## THE PROBLEM:
Begin at the line containing "APFG Original Parts" and copy exactly through the last line of the listing, skipping every picture.

## MATERIAL PROVIDED:
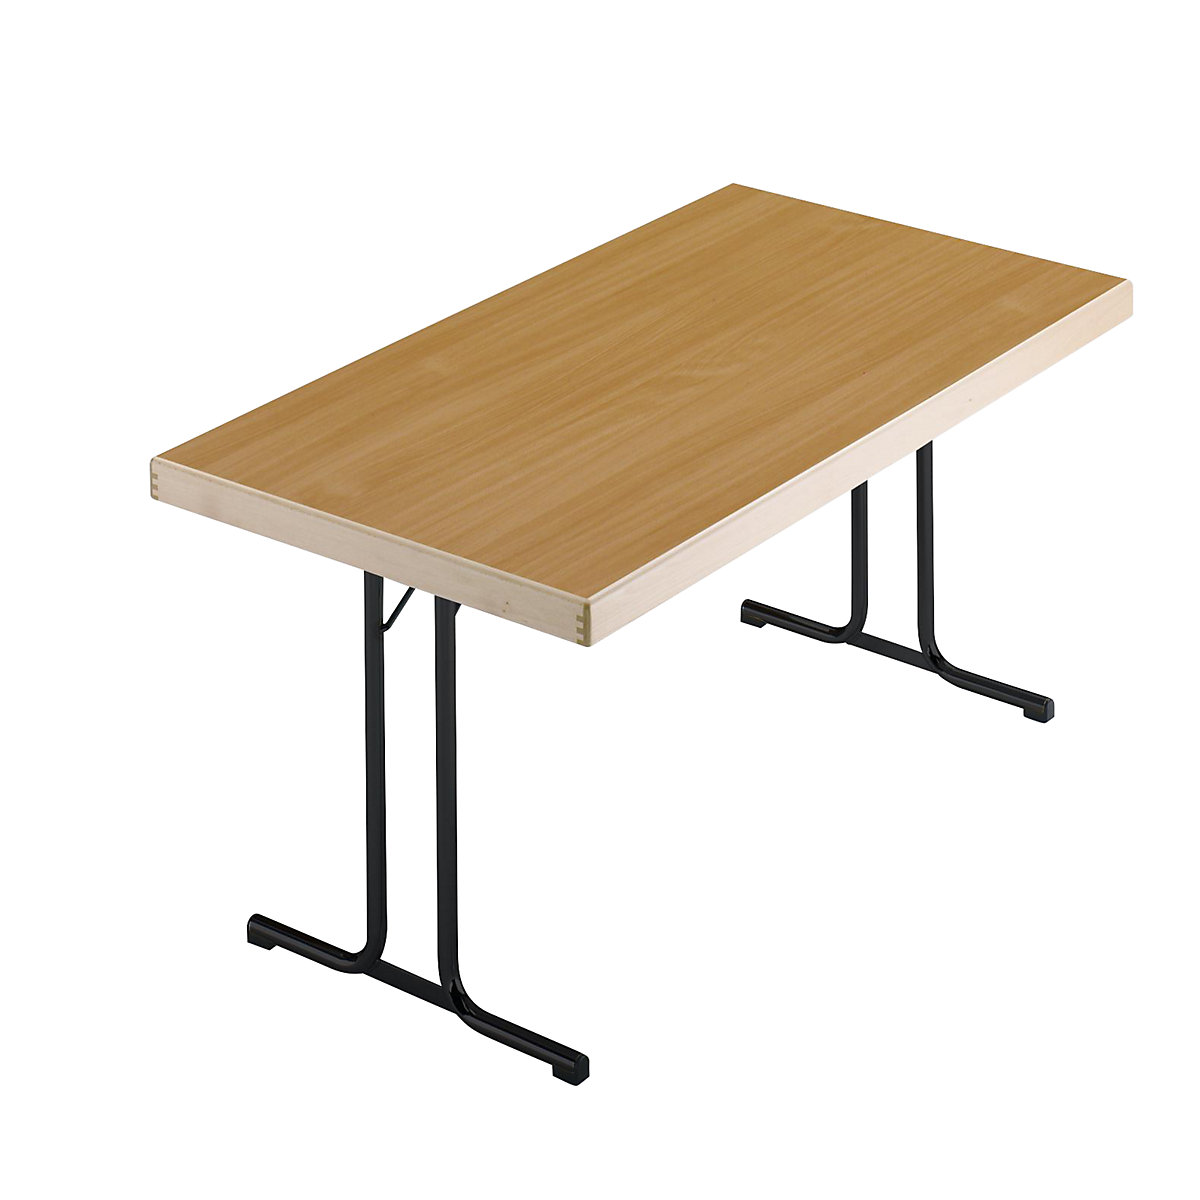 Sklopný stůl, podstavec s dvojitou T-nohou, 1200 x 800 mm, podstavec antracitový, deska bukový dekor-15
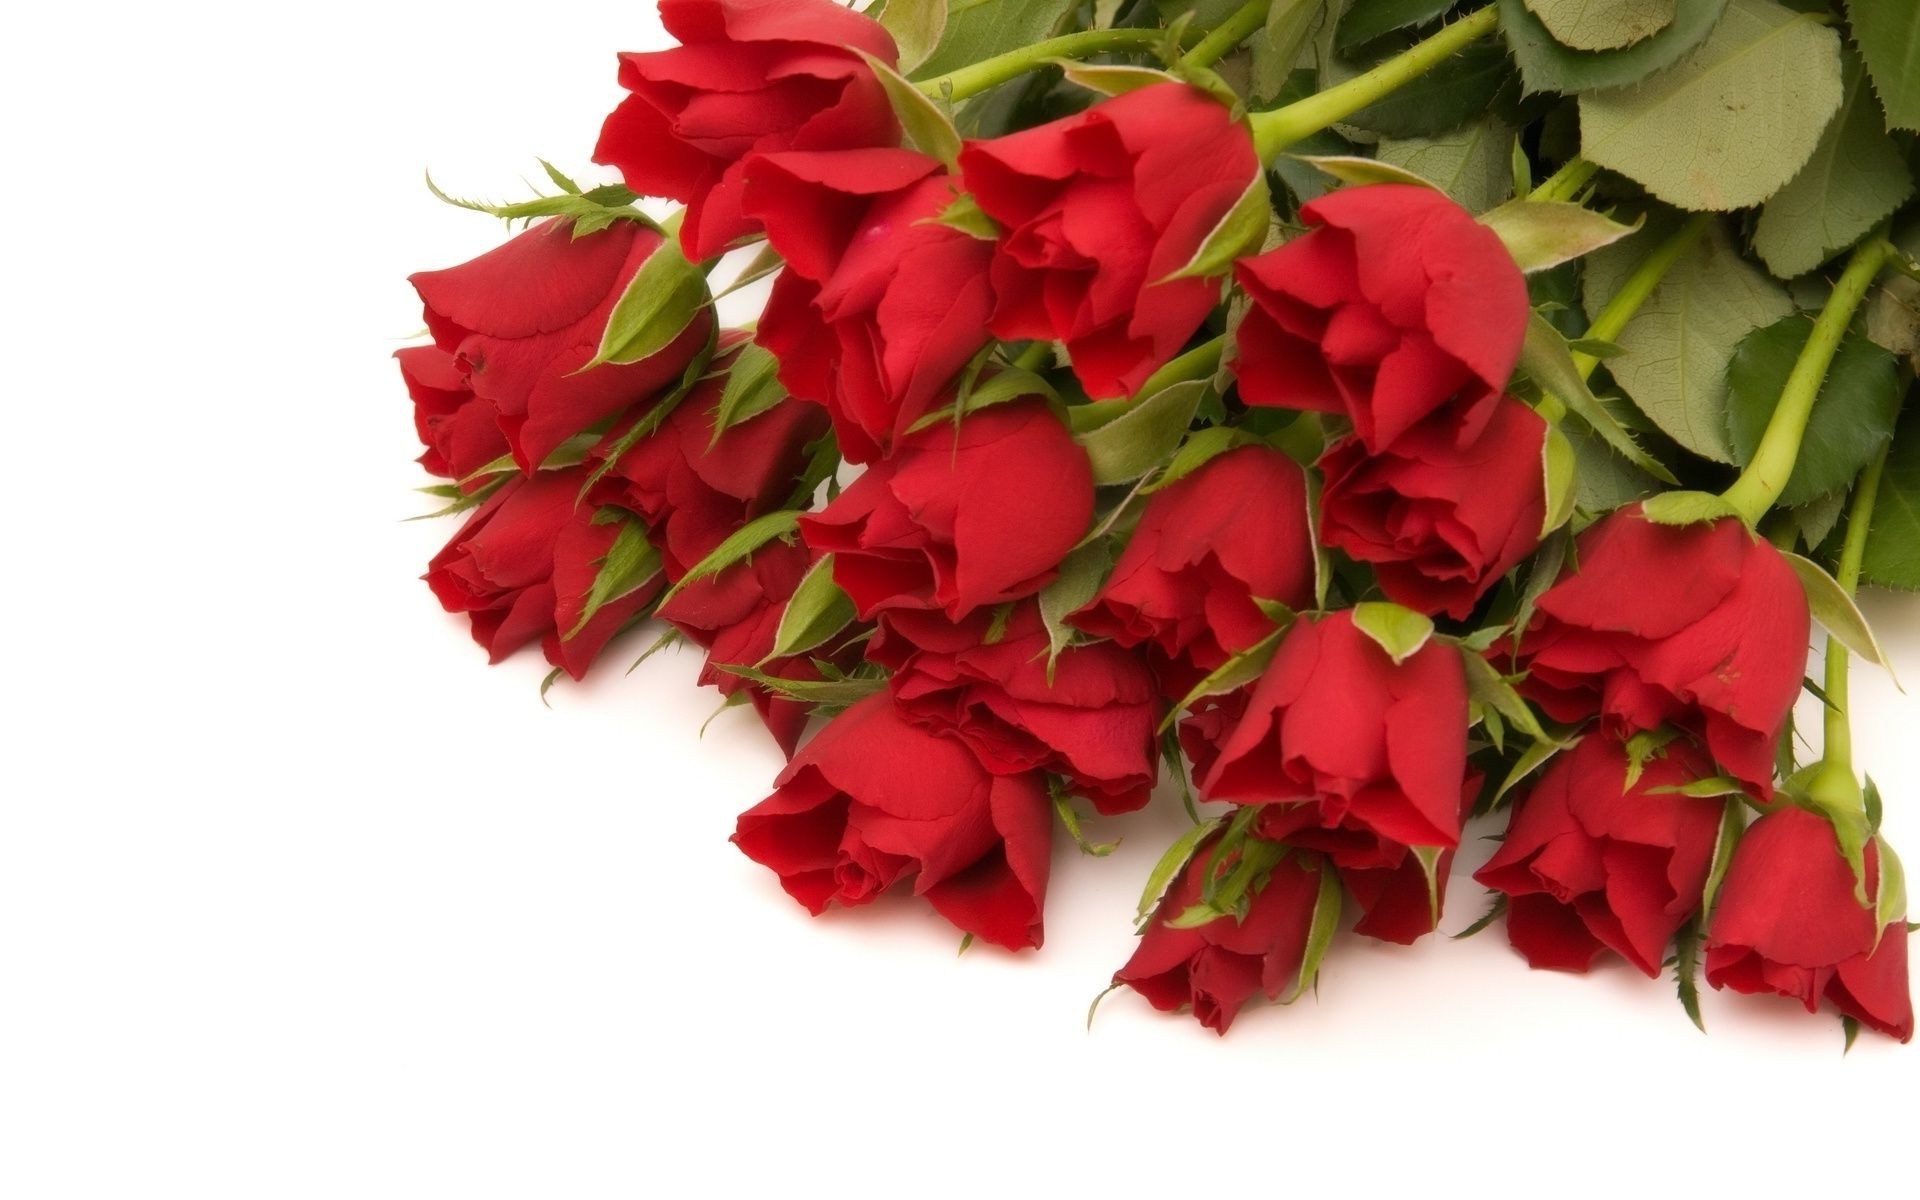 розы подарок любовь романтика романтический юбилей цветок праздник лист букет цветочные украшения день рождения флора лепесток природа блюминг свадьба карта приветствие
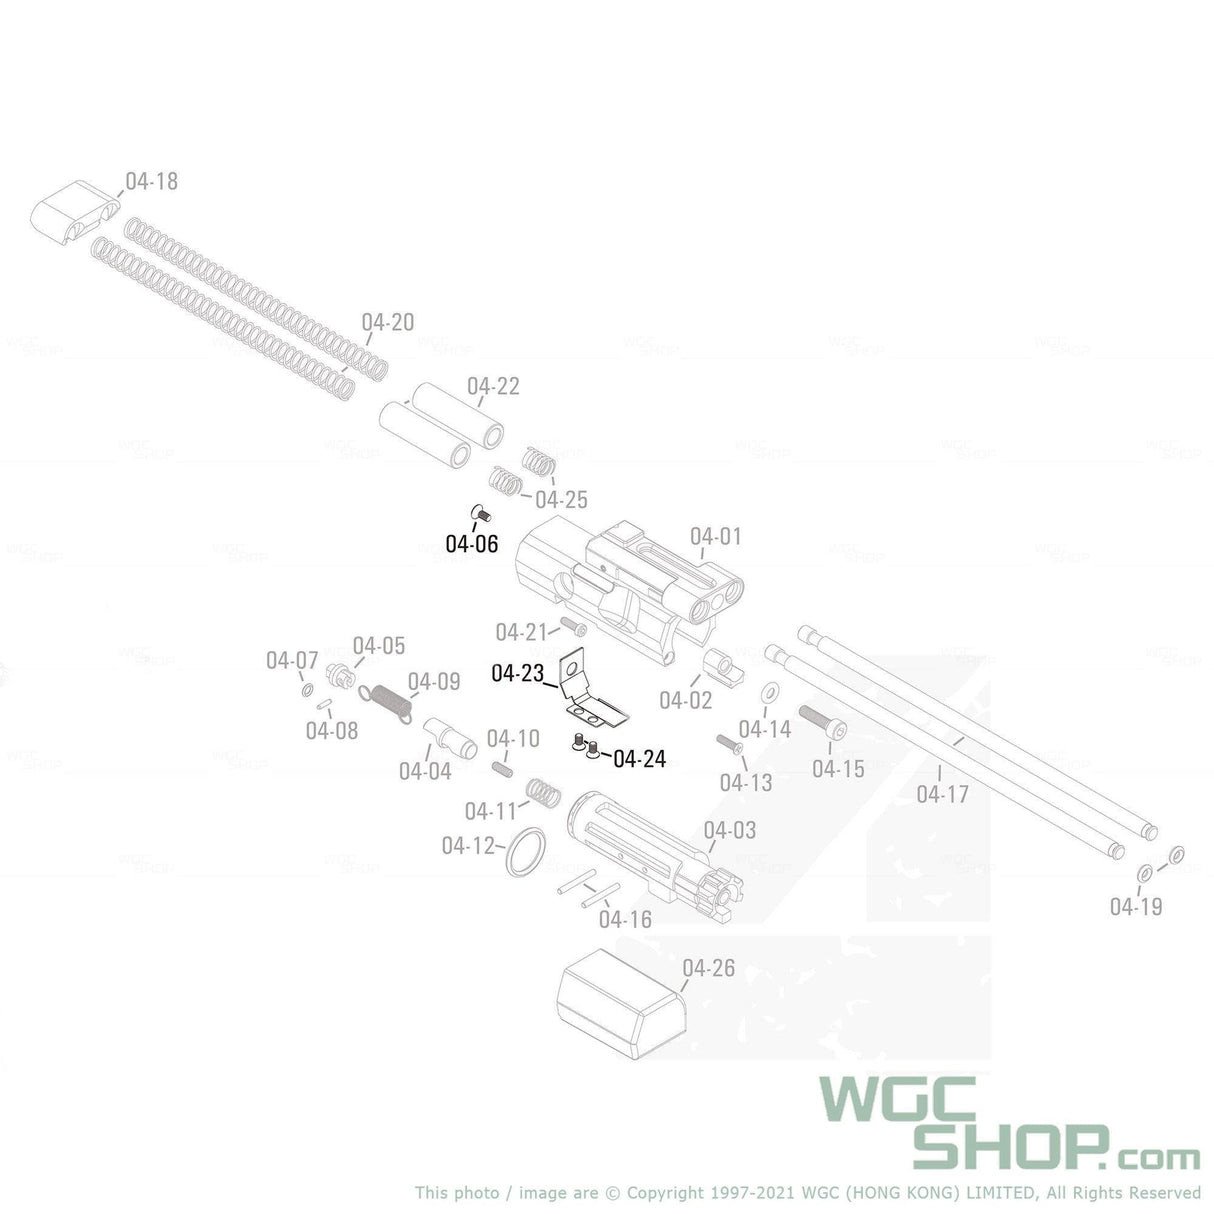 APFG Original Parts - MPX GBB Bolt Reinforcement with Screws ( 04-23 / 04-24 x 2 / 04-06 ) - WGC Shop
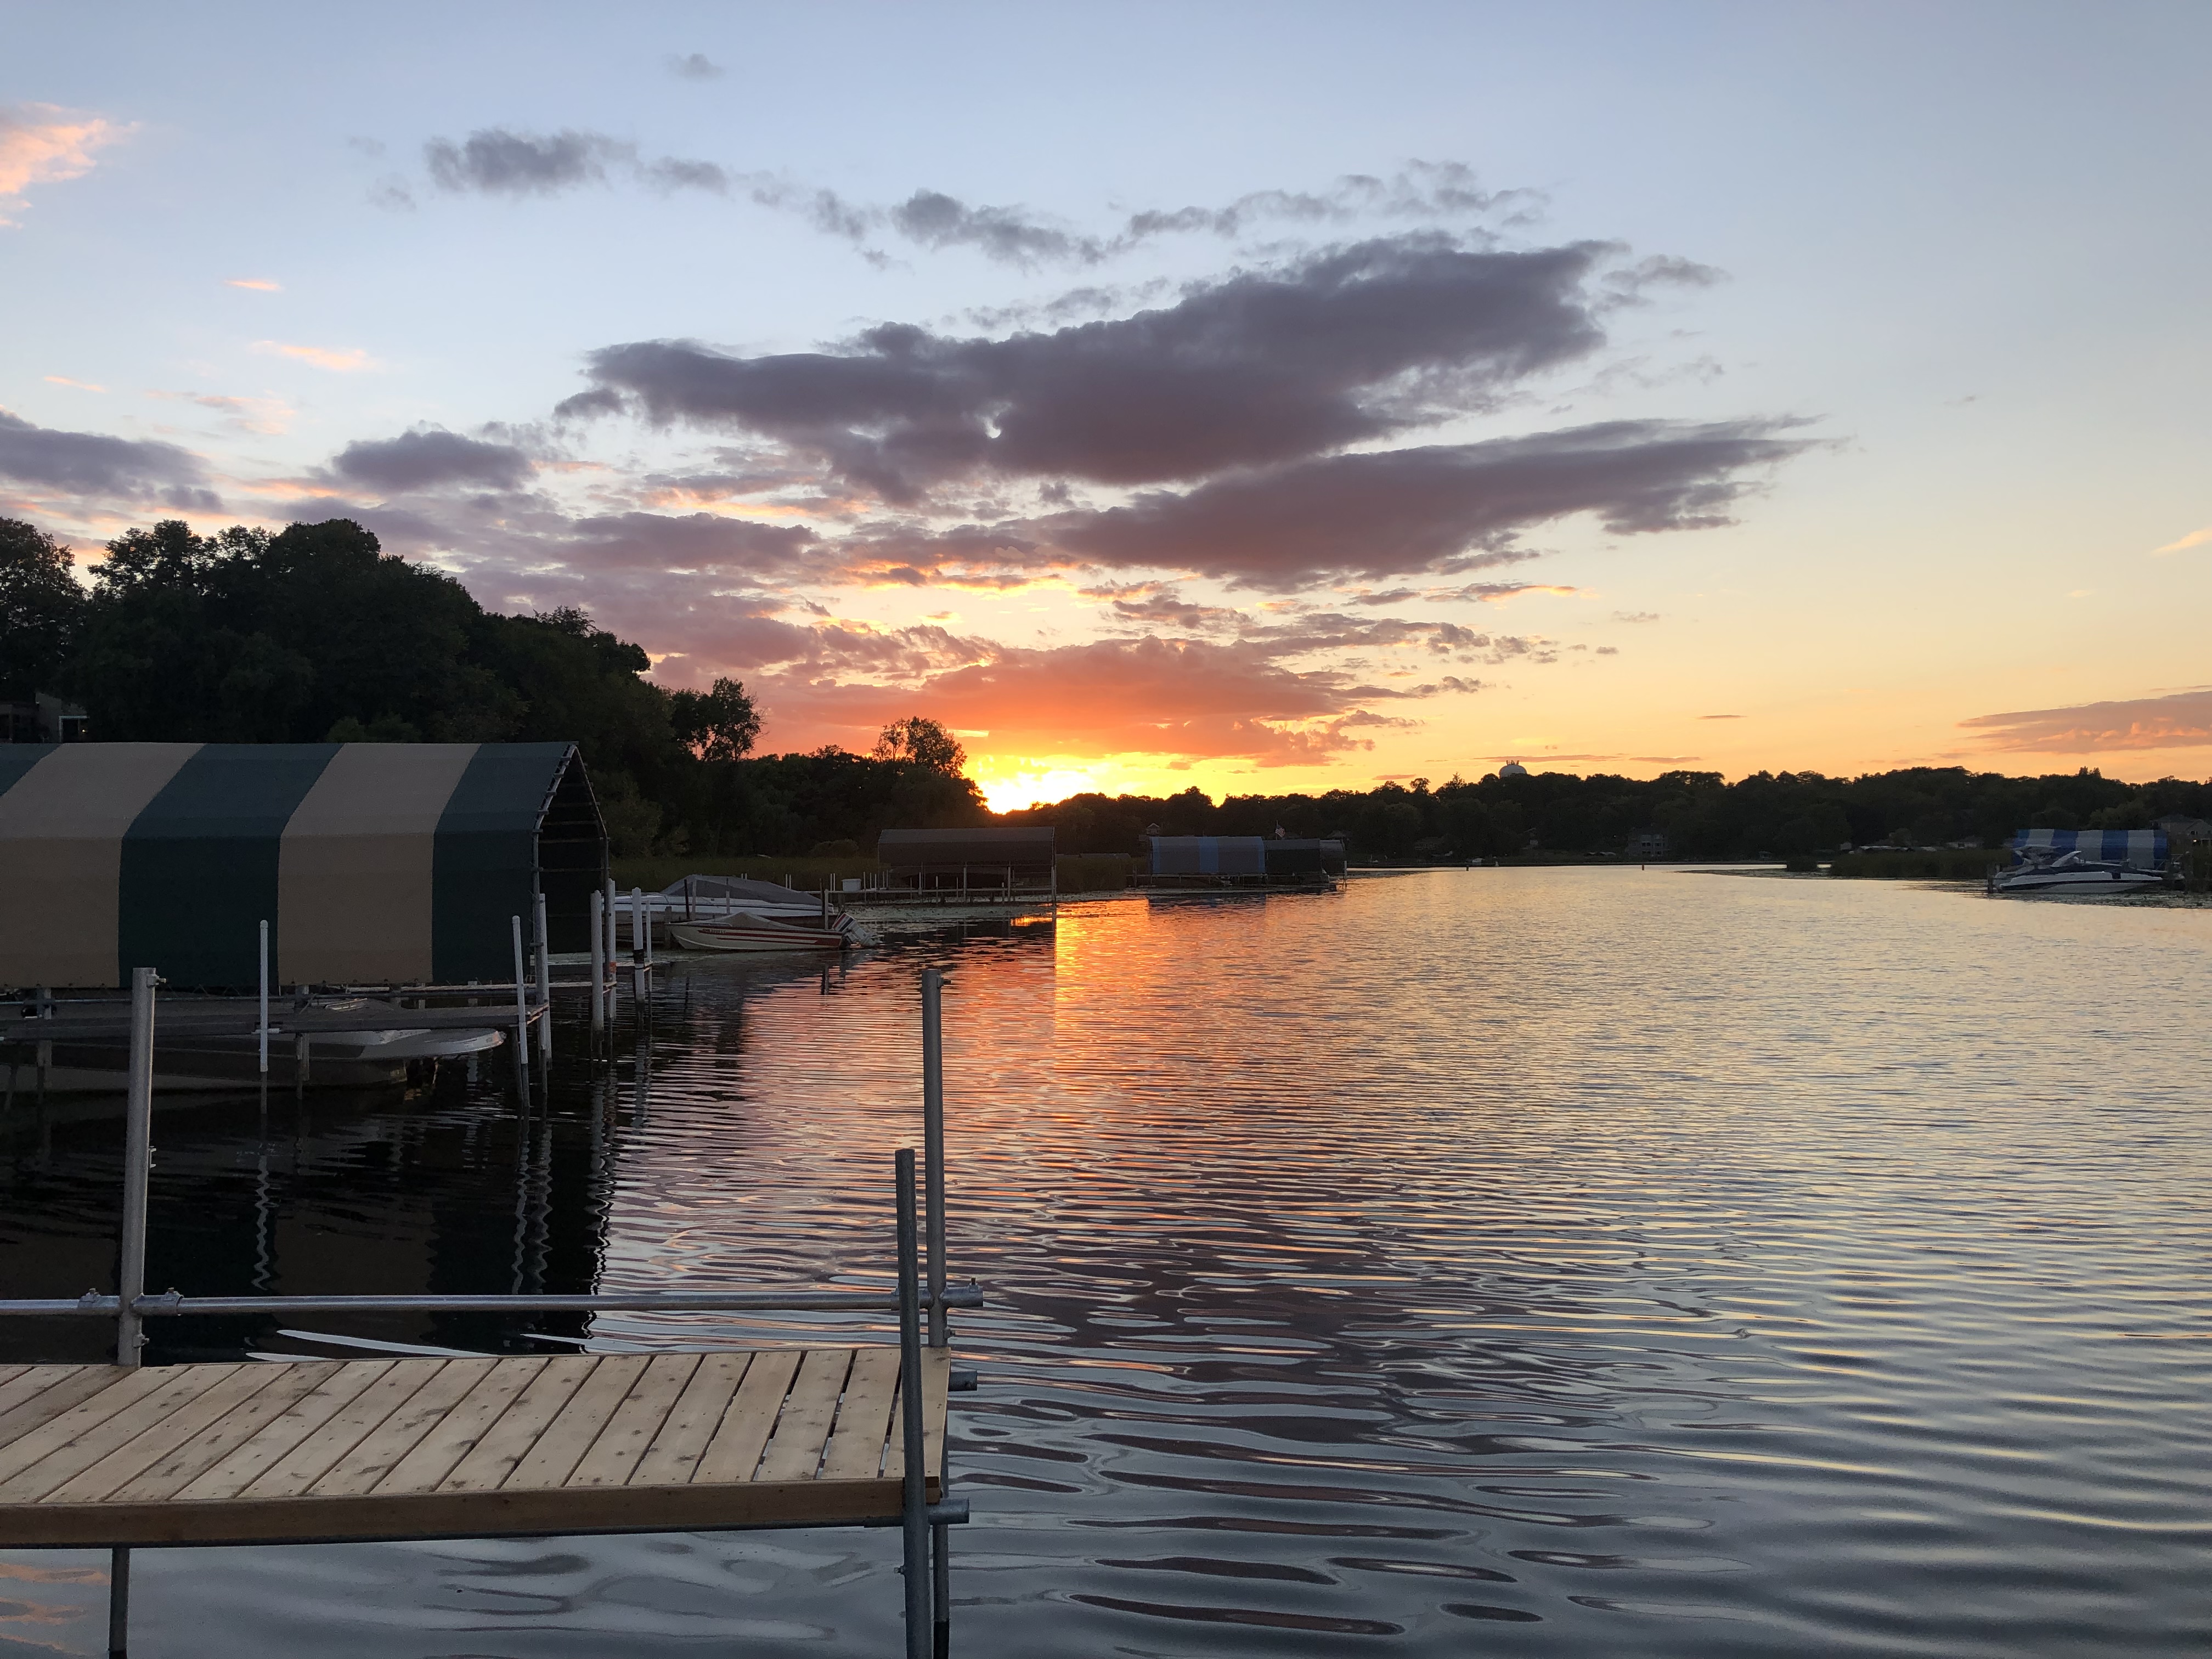 Sunset view of Black Lake

## RESULT:
 APFG Original Parts - MPX GBB Bolt Reinforcement with Screws ( 04-23 / 04-24 x 2 / 04-06 ) - WGC Shop
 Sunset view of Black Lake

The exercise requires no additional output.